64-bit time_t must go--this is non-negotiable

Paul Eggert eggert at CS.UCLA.EDU
Thu Jun 17 19:56:47 UTC 2004


"Olson, Arthur David (NIH/NCI)" <olsona at dc37a.nci.nih.gov> writes:

> time_t has been a 32-bit entity since day one of UNIX,

No, actually, it was a 'long' entity.  The very first UNIX ran on the
PDP-7, which was an 18-bit host, so I suspect (though I can't easily
check this :-) that time_t was a 36-bit quantity on the very first
UNIX host.  Certainly the circa-1978 Honeywell 6000 UNIX port used a
36-bit time_t, so there's longstanding precedent that time_t is not
always exactly 32 bits.


> The historic precedent in the UNIX realm is the addition of the
> "lseek" system call once files got larger

That predated C's typedef feature.  A closer precedent is what
happened to lseek when file offsets grew from 32 to 64 bits.  By this
time, people were supposed to use "off_t", and "off_t" grew from 32 to
64 bits without changing the name of "lseek".  (The story is a bit
more complicated than this, but that's the general idea.)  The changes
to time/ctime/etc. are similar.


> we should probably not be doing a lot of work to support 64-bit
> time_t implementations since we don't want to encourage such
> implementations.

I'm afraid the ship has already sailed on this issue, and it's too
late to reverse course, even assuming everyone agreed on the general
principle.  The vast majority of 64-bit hosts use 64-bit time_t.  This
includes GNU/Linux, the BSDs, HP-UX, Microsoft Windows, Solaris, and
probably others.  There are one or two holdouts (Tru64 comes to mind)
but they're a clear minority.

I wouldn't ask you to do a lot of work in this area, since you have
other things to do.  But if someone else volunteers to fix the porting
problems it seems like a fairly easy call.

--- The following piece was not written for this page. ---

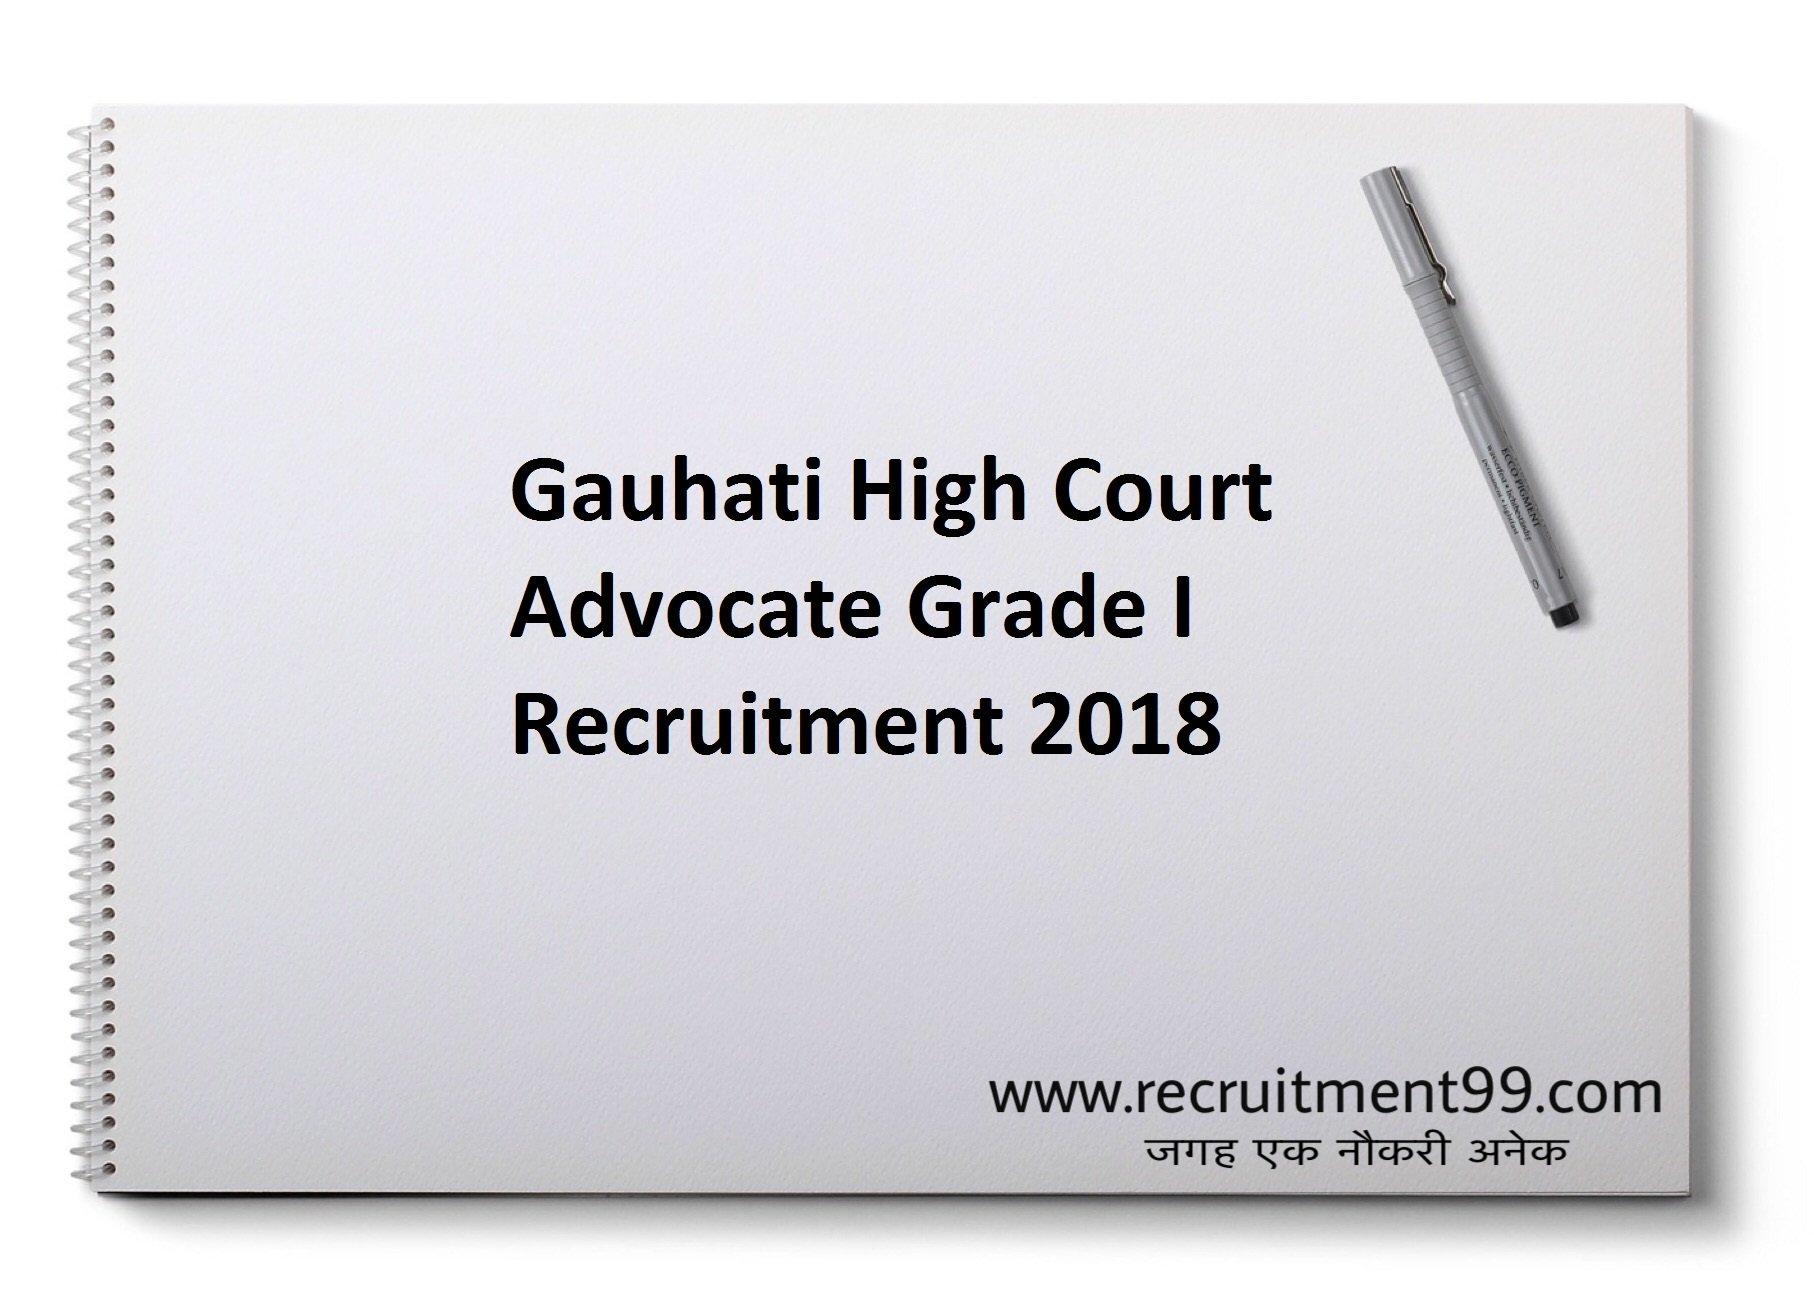 Gauhati High Court Advocate Recruitment Admit Card Result 2018

zdump is intended to be used with other time_t implementations and so
it's more important that it support non-32-bit time_t.  (zic is also
important, but I don't know of any problems that it has with
non-32-bit time_t.)  The other code is less-important, since the
non-32-bit-time_t guys have mostly rewritten all that stuff anyway;
but the fixes there are relatively small.